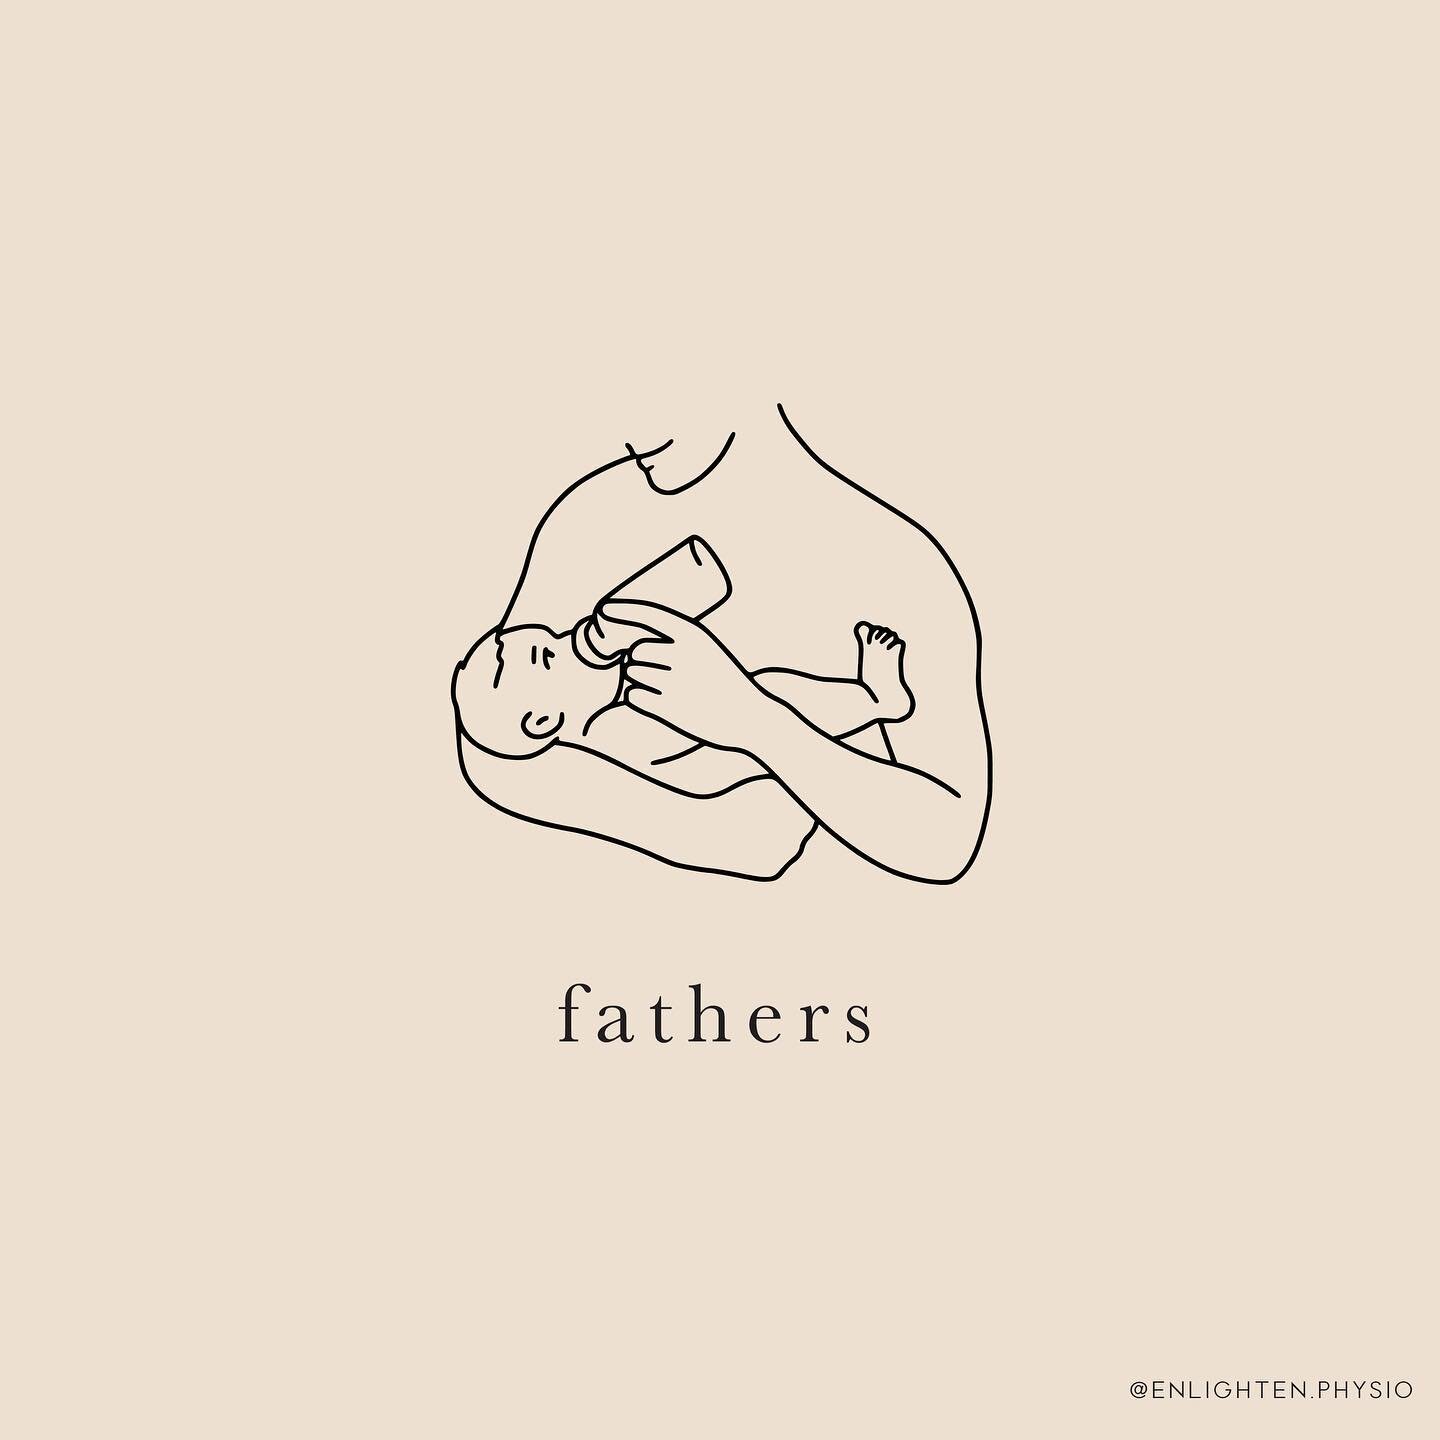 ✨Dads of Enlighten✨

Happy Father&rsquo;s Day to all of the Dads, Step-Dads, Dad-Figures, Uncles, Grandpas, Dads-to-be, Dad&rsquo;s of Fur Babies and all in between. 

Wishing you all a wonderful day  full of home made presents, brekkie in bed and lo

**ABOUT THIS EXERCISE:** Retype the data word for word and keep the pictures out of it.

**TASK ANSWER:**
 ✨Dads of Enlighten✨

Happy Father&rsquo;s Day to all of the Dads, Step-Dads, Dad-Figures, Uncles, Grandpas, Dads-to-be, Dad&rsquo;s of Fur Babies and all in between. 

Wishing you all a wonderful day  full of home made presents, brekkie in bed and lo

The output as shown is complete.